If you can get it cheap or like it, go for it! Sears screamer's, while I don't know them too well, they tend to bring some really good money on eBay if they are carefully cleaned and in nice original shape. How bad is the rust? I think the going price of an original, real nice screamer is $350-600.


----------



## Flathead31coupe (Aug 27, 2009)

i will get some pics up soon as i pick it up, thanks


----------



## Flathead31coupe (Sep 3, 2009)

here is a few pics, just need an idea of what to pay... he has the front hub and spokes


----------



## imfastareyou (Sep 3, 2009)

thats a 68.  most of the hard to find bits are there.  kind of rusty though, not sure how nice it will clean up. I'd offer like $75 and go from there, unless you really want to restore it and keep it I'm not sure its worth more than $100-125 or so, if you want to part it you could get $200+ for parts I'd figure... and if you part it I want the pedals!


----------



## JLarkin (Sep 4, 2009)

Even if I had to have it, $75 would be my limit.  I know sellers don't care how much repairs cost but buyers do.  You have to be willing to walk away.


----------



## masonandrew (Sep 5, 2009)

I'd give $45 for the front fork set-up if you get it and part it.   Email  stevetitus@sbcglobal.net


----------



## Dan Jose (Nov 21, 2009)

Hi, If you get it and part out, how much would you want for the chaingaurd, handle bars and neck?
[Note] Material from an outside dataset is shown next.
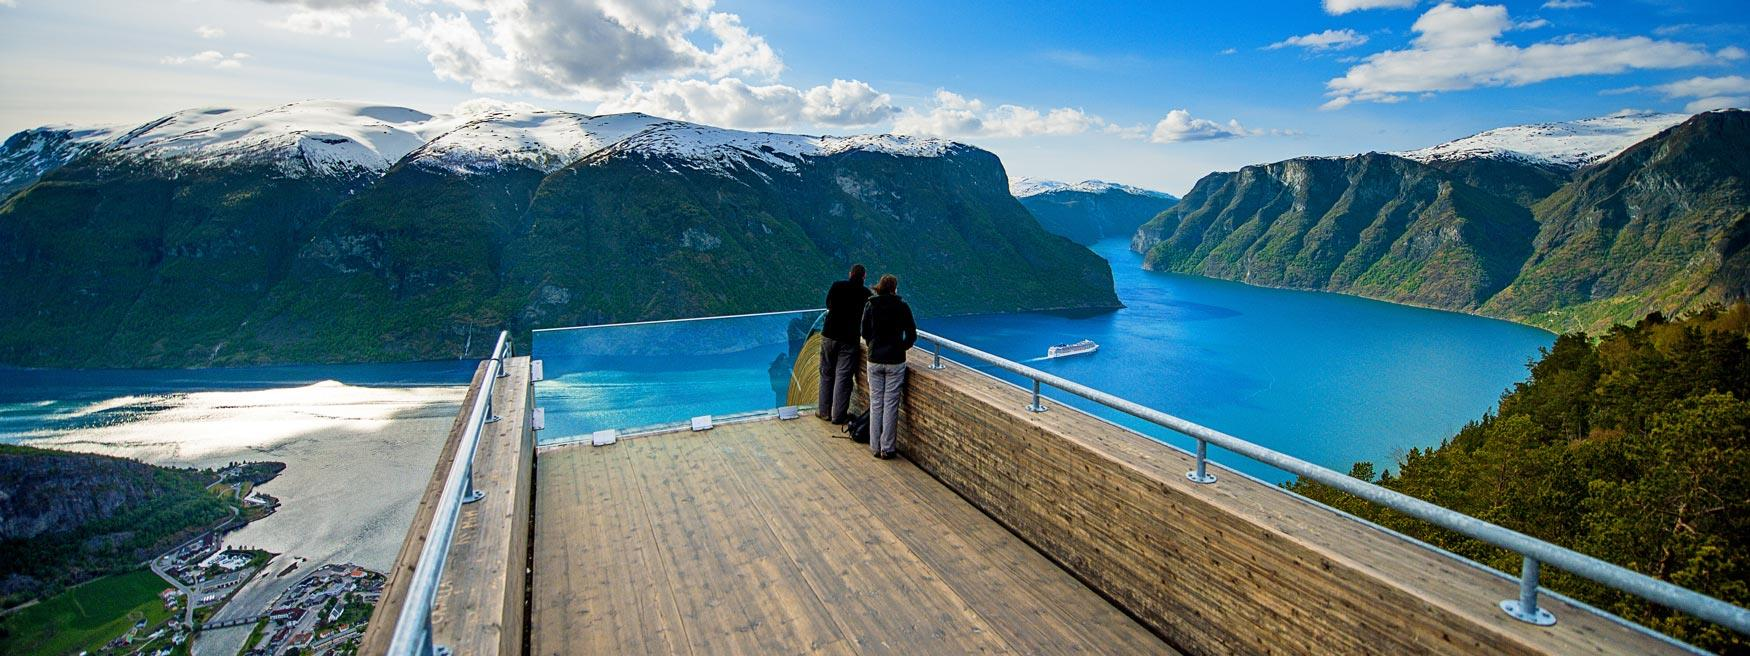 www.fjordnorway.com7.jpg

Thanks.
danjosefirststep@yahoo.com


----------



## azhearseguy (Dec 1, 2009)

I would be interested in the Pedals if you part it out..email me at murrayeliminator@yahoo.com. thanks.Eddie


----------



## walter branche (Dec 1, 2009)

*bar keepers friend*

there is a cleaner found in the dollar store ,home depot etc.. if you mixed it up with water ,and poured it on your bike ,let it sit for a bit, and then hose it off ,you will be amazed,, repeat and let the next application dry,, it drys into a polishing powder, lightly clean with a cloth and it will shine ,, in hard to reach areas wash off with water, the bar keepers friend is around 3 dollars and is packaged in different containers ,, walter branche,,


----------